On Being "Unbiased"
On 28/2/98, Andrew Wakefield published a (now retracted) study in The Lancet, supposedly linking the cause of autism to MMR vaccines through a disease in the gut. Unlike most researchers, the first thing he did was call a press meeting. Through his position in the medical field, and his newfound immediate proximity with the press, Mr. Wakefield was able to immediately present his new findings as reasonable concerns. And everything from articles in the Daily Mail to full blown Channel 4 and BBC News segments were concocted on the topic. Interestingly, whilst the Daily Mail and its ilk can immediately adopt a position in support of the study, the radio/tele news broadcasts in the UK are required to be unbiased by law.

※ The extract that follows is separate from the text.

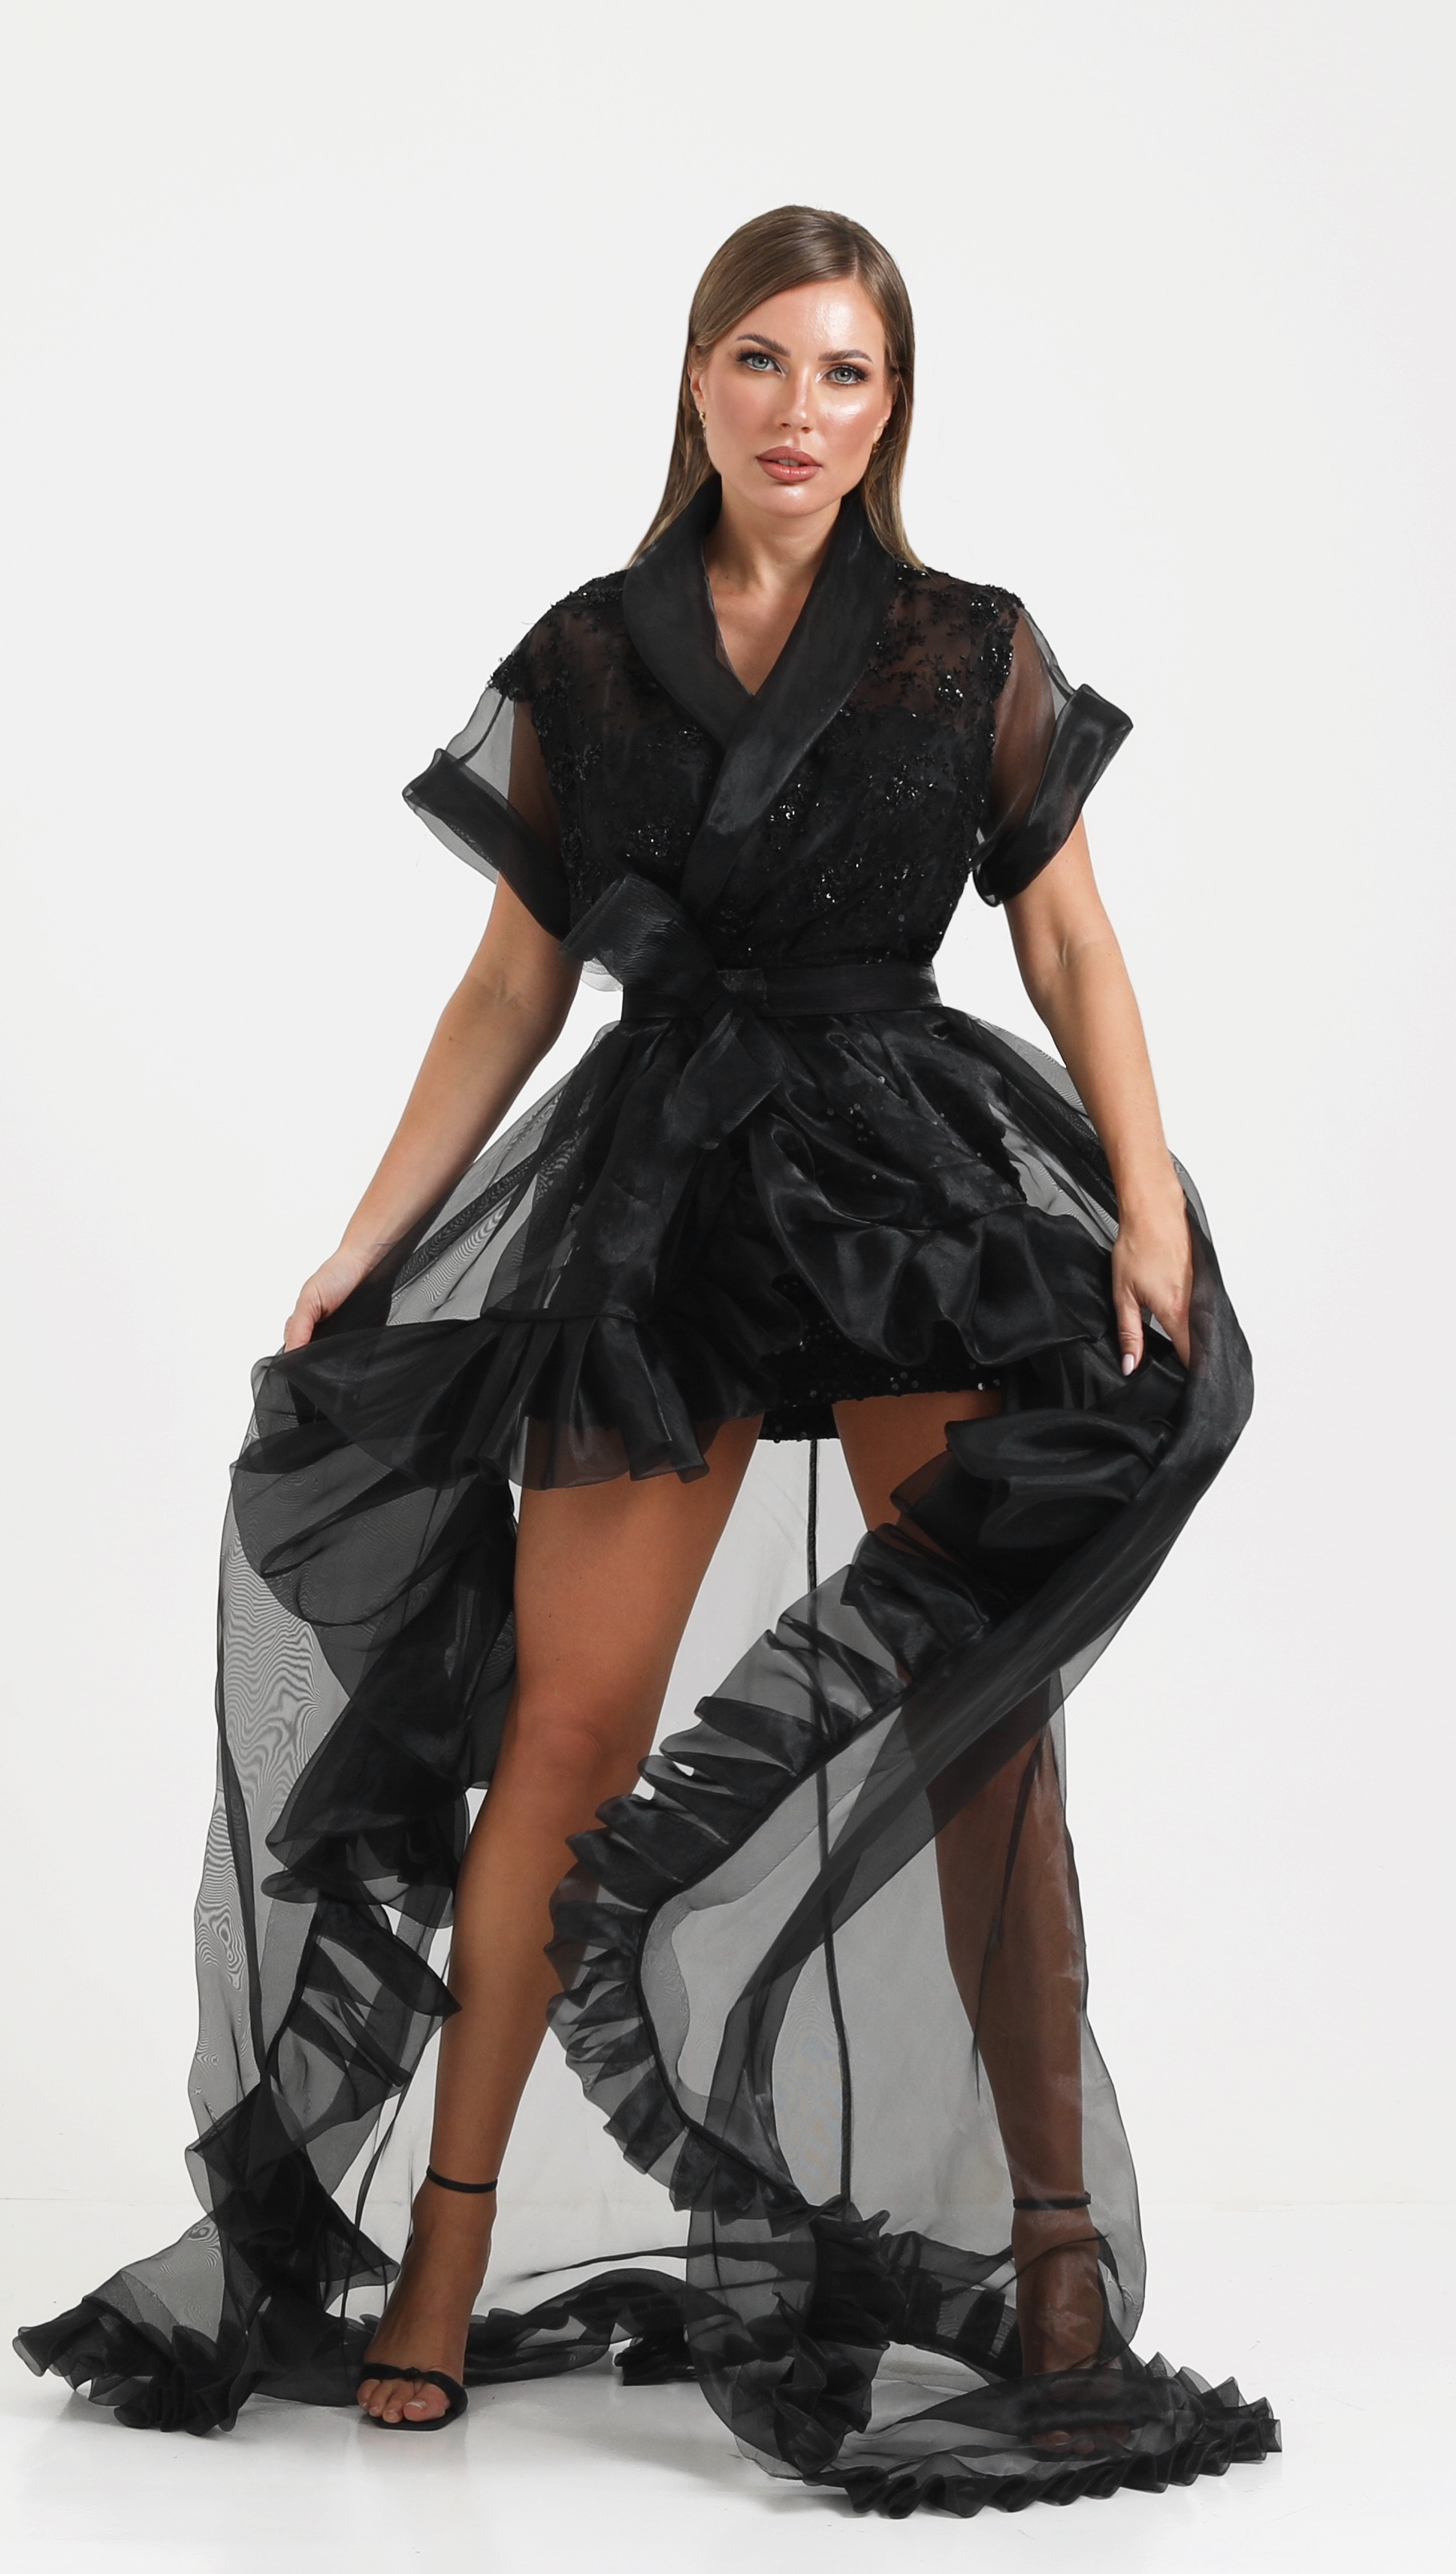 فستان سهرة عصري :  تصميم فريد بإطلالة عصرية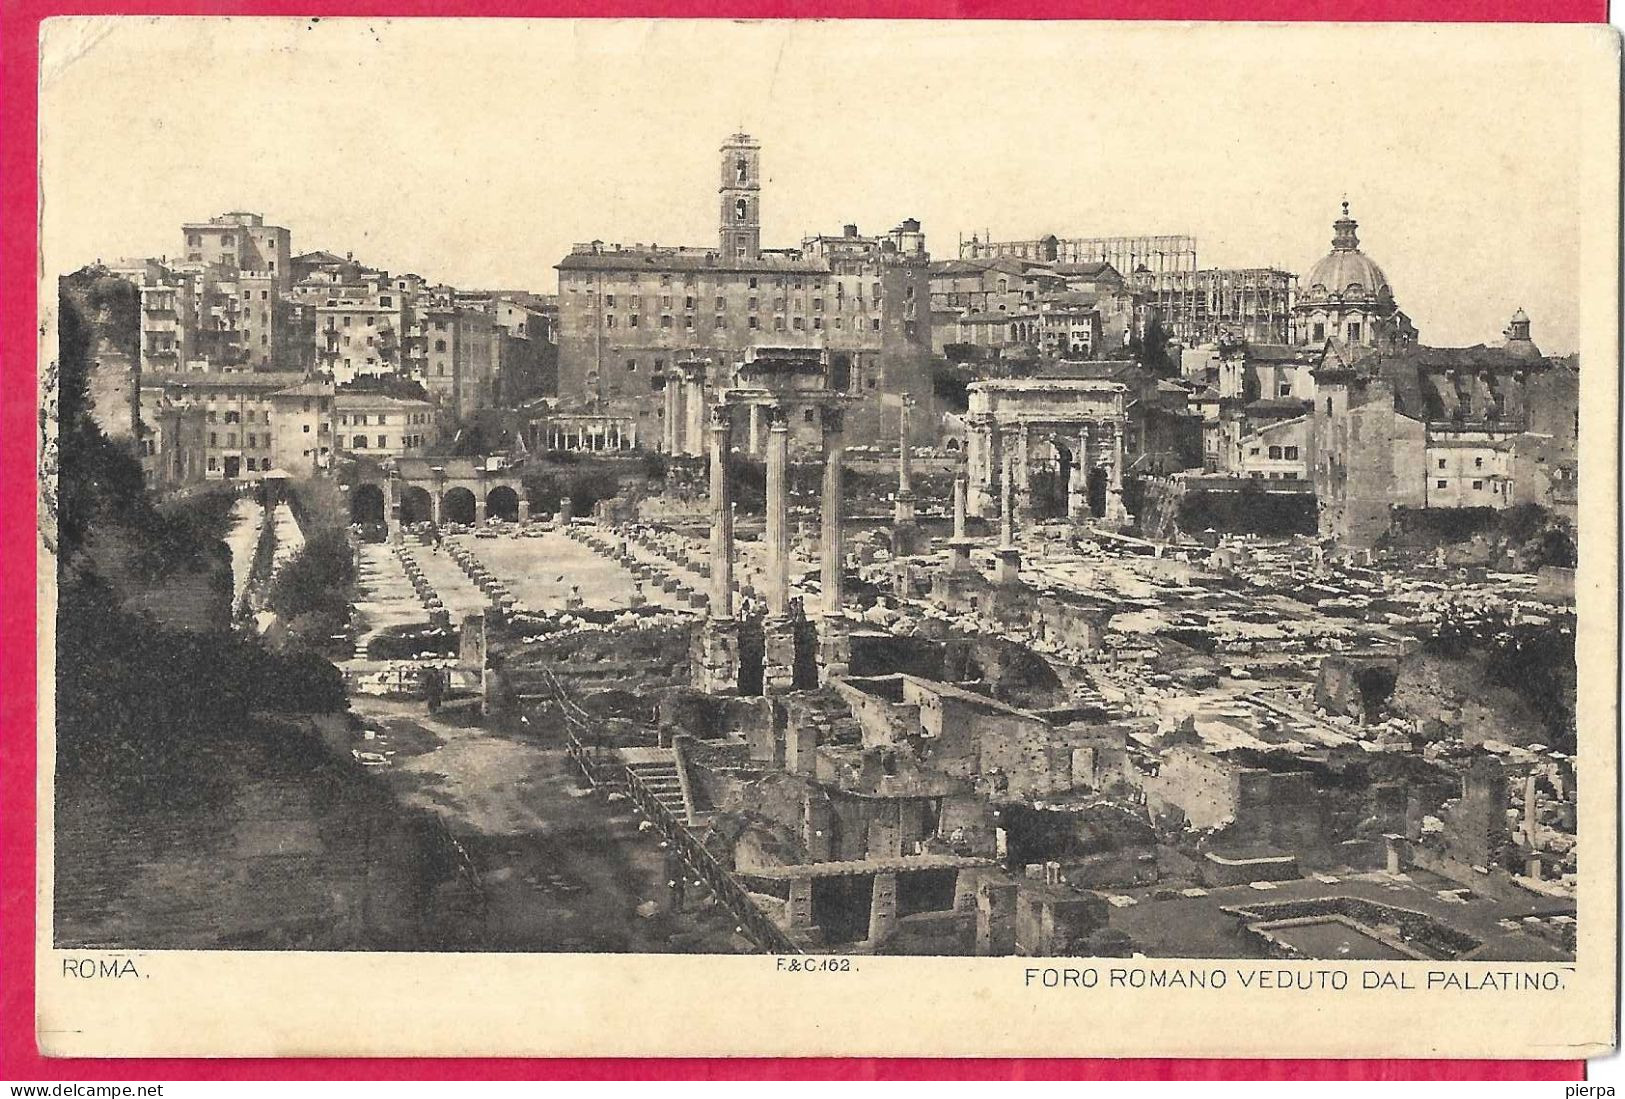 ROMA - FORO ROMANO - FORMATO PICCOLO - VIAGGIATA 1895 PER LA FRANCIA - Altri Monumenti, Edifici

So instead, they ask Wakefield and posit a few questions to him, but, incapable of saying that he's wrong, of really saying anything about him, present him as a legitimate side of a two sided discussion. Immediately normalising his perspective. Clips from that early 2000's/ late 90's era are often still circulated today in order to propagate the modern anti vax movement.
This panic lead to a decline in vaccination rates in the UK, US & Ireland, and a subsequent increase in deaths from Measles and Mumps.
"The Centre" is often morally irresponsible in retrospect.
The fundamental problem with being unbiased is the assumption that both sides are acting in good faith. Whilst noble on its face, this assumption makes you easy to manipulate and lie to. A scam becomes a reasonable concern, a grifter must be heard out.
Any contrarian becomes worth their weight in gold
Brexit was the case in point for this. Emily Maitlis, who worked as the host of BBC Newsnight from 2018 to 2021, said that "it might take our producers five minutes to find sixty economists who feared Brexit, and five hours to find a sole economic voice who espoused it. But by the time we went on air, we simply had one of each! We presented this unequal effort, to our audience, as if it was balance. It wasn’t." In other words:
To present both sides equally is often to misrepresent one.
The British press has followed this pattern continuously, on panels about climate change:1, trans rights2 (back when pro trans people existed in the British press circuit) , disability rights3 and the like. Constantly platforming an anti intellectual contrarian as one of two, equally valid sides, does nothing but unwittingly legitimise psuedo intellectual grifters to the detriment of the outlets credibility and the wellbeing of the public.